╭──
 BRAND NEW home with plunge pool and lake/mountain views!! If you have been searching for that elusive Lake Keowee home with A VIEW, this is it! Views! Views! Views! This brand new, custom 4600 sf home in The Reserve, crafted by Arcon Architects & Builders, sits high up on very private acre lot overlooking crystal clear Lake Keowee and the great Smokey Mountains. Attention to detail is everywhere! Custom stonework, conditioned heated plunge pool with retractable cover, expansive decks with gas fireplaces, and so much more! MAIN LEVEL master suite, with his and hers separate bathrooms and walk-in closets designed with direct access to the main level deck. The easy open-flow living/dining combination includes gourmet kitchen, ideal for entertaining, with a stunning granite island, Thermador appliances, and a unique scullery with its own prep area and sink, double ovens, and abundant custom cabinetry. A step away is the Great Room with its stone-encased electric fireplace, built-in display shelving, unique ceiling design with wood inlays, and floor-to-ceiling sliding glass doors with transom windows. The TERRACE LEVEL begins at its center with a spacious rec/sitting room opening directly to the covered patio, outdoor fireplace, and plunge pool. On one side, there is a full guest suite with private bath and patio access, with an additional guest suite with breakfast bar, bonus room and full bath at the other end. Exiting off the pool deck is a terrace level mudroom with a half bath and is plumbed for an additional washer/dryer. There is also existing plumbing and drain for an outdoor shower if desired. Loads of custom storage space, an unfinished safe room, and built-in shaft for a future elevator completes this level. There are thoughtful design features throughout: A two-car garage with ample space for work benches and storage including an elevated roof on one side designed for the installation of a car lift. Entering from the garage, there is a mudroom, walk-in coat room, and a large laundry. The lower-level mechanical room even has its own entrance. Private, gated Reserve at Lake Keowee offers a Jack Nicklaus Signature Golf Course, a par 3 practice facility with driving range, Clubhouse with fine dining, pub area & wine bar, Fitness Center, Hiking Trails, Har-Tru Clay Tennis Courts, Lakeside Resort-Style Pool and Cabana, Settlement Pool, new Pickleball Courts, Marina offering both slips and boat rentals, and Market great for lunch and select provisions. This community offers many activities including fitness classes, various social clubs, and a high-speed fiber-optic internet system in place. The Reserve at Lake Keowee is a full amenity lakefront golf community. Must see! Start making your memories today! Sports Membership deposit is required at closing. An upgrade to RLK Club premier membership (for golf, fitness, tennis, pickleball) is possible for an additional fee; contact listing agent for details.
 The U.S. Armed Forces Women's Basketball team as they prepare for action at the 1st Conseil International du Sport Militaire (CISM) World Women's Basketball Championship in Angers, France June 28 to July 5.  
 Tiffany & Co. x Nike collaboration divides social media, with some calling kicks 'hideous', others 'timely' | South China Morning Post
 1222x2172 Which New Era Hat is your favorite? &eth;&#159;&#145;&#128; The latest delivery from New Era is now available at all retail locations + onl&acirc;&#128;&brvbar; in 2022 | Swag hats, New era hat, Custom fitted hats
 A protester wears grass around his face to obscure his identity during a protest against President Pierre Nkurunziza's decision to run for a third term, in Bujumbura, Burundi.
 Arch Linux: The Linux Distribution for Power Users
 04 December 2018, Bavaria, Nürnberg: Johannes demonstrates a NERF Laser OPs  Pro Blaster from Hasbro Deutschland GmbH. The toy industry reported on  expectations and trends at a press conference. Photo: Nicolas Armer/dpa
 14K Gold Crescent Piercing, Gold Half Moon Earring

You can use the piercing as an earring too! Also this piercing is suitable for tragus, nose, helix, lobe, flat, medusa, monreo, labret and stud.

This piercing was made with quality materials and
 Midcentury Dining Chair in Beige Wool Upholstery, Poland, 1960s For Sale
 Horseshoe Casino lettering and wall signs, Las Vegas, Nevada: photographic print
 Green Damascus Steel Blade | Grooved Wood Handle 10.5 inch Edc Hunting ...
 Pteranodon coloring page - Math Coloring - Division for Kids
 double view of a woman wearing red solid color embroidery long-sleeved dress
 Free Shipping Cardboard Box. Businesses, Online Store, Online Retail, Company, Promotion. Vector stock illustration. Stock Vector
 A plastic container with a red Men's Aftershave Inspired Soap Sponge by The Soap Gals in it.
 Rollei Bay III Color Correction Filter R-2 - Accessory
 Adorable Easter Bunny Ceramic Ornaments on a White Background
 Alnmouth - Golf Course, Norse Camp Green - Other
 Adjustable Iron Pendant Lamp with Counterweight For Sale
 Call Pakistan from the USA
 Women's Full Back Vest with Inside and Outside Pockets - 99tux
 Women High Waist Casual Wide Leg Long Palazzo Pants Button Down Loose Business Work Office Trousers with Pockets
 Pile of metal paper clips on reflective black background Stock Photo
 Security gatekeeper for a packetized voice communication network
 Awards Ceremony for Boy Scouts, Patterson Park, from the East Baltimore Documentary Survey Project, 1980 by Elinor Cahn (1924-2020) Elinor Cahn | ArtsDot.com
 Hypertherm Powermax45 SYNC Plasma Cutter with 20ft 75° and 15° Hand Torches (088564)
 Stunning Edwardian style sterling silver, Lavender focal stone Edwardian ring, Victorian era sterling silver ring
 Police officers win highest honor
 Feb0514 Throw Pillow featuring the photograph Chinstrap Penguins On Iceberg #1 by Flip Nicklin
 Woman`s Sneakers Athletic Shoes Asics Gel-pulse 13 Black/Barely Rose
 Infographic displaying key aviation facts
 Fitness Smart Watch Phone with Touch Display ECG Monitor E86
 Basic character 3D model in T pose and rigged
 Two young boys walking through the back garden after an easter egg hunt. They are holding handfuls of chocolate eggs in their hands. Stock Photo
╰──
== Directions ==
Set down the line holding "13 Black/Barely Rose" and all later lines through the last one in the material above, exactly, and no other lines.

== Written response ==
 Woman`s Sneakers Athletic Shoes Asics Gel-pulse 13 Black/Barely Rose
 Infographic displaying key aviation facts
 Fitness Smart Watch Phone with Touch Display ECG Monitor E86
 Basic character 3D model in T pose and rigged
 Two young boys walking through the back garden after an easter egg hunt. They are holding handfuls of chocolate eggs in their hands. Stock Photo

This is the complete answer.